CN209879050U - Cylindrical waveguide made of graphene hyperbolic metamaterial - Google Patents

Abstract

The utility model discloses a graphite alkene hyperbolic metamaterial cylindrical waveguide, this graphite alkene hyperbolic metamaterial cylindrical waveguide structure include two kinds of materials A, B from inside to outside, and A, B are SiO respectively₂With the graphene material, the whole waveguide structure is a sixteen-layer coaxial cylindrical structure, and the innermost layer of the cross section of the cylindrical waveguide is solid SiO₂And then from inside to outside, the graphene with 8 layers and the SiO with 7 layers are alternately arranged₂A circular ring. When light vertically enters the structure, the light field is well limited in the structure of the circular ring, so that the light-emitting diode not only has strong mode field limiting capability, but also has the characteristic of long-distance transmission, and breaks through the original polarizationThe mode realizes the restrictive transmission of radial polarized light, and the waveguide can be applied to an ultra-high density integrated optical path because of small structure size and high integration level, and has very important significance for realizing various surface plasmon devices and high-integration photon devices.

Description

Cylindrical waveguide made of graphene hyperbolic metamaterial

Technical Field

The utility model relates to a graphite alkene hyperbolic metamaterial cylindrical waveguide can be used to technical field such as terahertz wave band photonics, integrated photonic device, hyperbolic metamaterial artificial microstructure.

Background

The polarization state is one of the important characteristics of light, and the vector characteristic of the light makes the light and a substance have complicated interaction, so that various optical devices and optical systems can be manufactured. Past research has been directed primarily to spatially uniform polarization states, such as linear polarization, circular polarization, and the like, for which the polarization state is not dependent on the spatial position of the beam. With the deep exploration of optics, the vector beam with the spatially non-uniform polarization distribution is discovered. The polarization state of the vector light beam changes along with the change of the space, and the characteristic causes the vector light beam to have a plurality of new effects and phenomena, thereby well expanding the functions of the optical system. The special vector beams are Column Vector Beams (CVBs) with polarization states in column symmetric distribution on the cross section in the beam propagation direction, and can be divided into radial polarized light, spin polarized light and general column vector beams according to the distribution characteristics of an electric field of the CVB in space.

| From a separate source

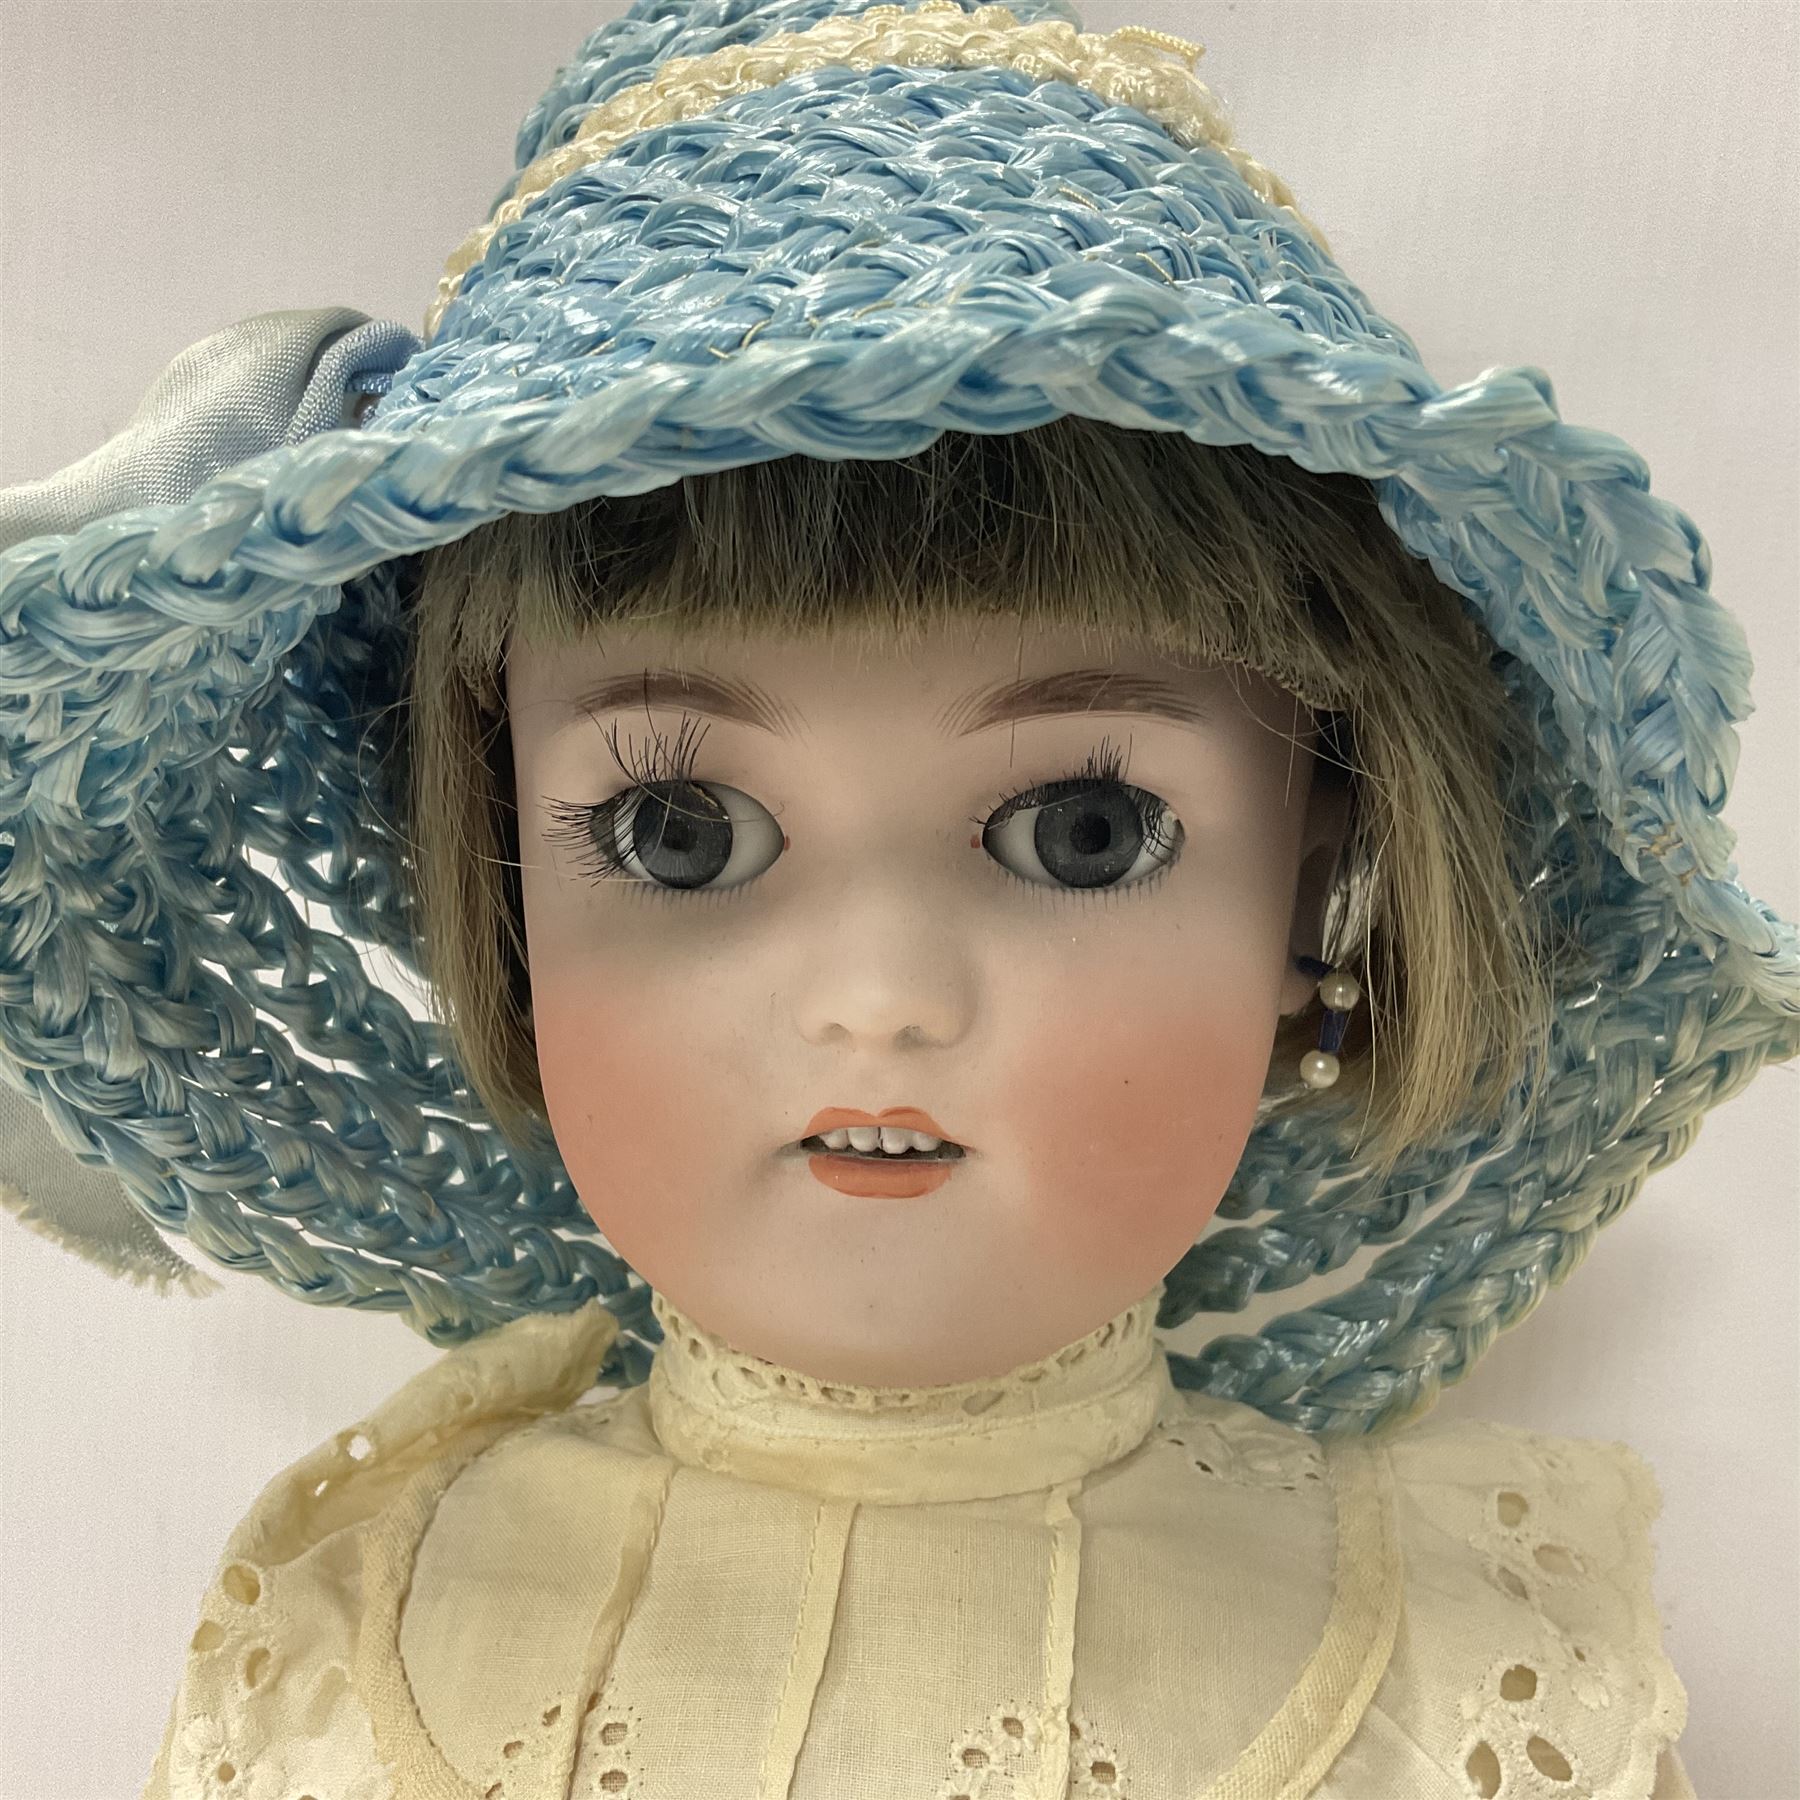 Simon & Halbig bisque head doll with applied hair - Image 2 of 13

In recent decades, especially in the field of photonic integration, many surface plasmon waveguide structures that can confine an optical field to a nanometer scale have been proposed in succession, such as a dielectric-metal-dielectric waveguide structure, a metal-dielectric-metal waveguide structure, a metal slit structure, a V-groove waveguide structure, and the like. The dielectric constant of the graphene hyperbolic metamaterial in a near infrared to terahertz waveband is less than 0, the graphene hyperbolic metamaterial can be used for replacing metal to serve as a composition material of HMMs, and the thickness of single-layer graphene is only about 0.335nm, so that the formed HMMs have smaller periodic units and lower loss. However, at present, the graphene-dielectric multilayer film structure mostly appears in a plane, and the cylindrical vector beam distribution of the cylindrical waveguide is not realized.

Disclosure of Invention

The utility model aims at solving the above-mentioned problem that exists among the prior art, provide a graphite alkene hyperbolic metamaterial cylindrical waveguide.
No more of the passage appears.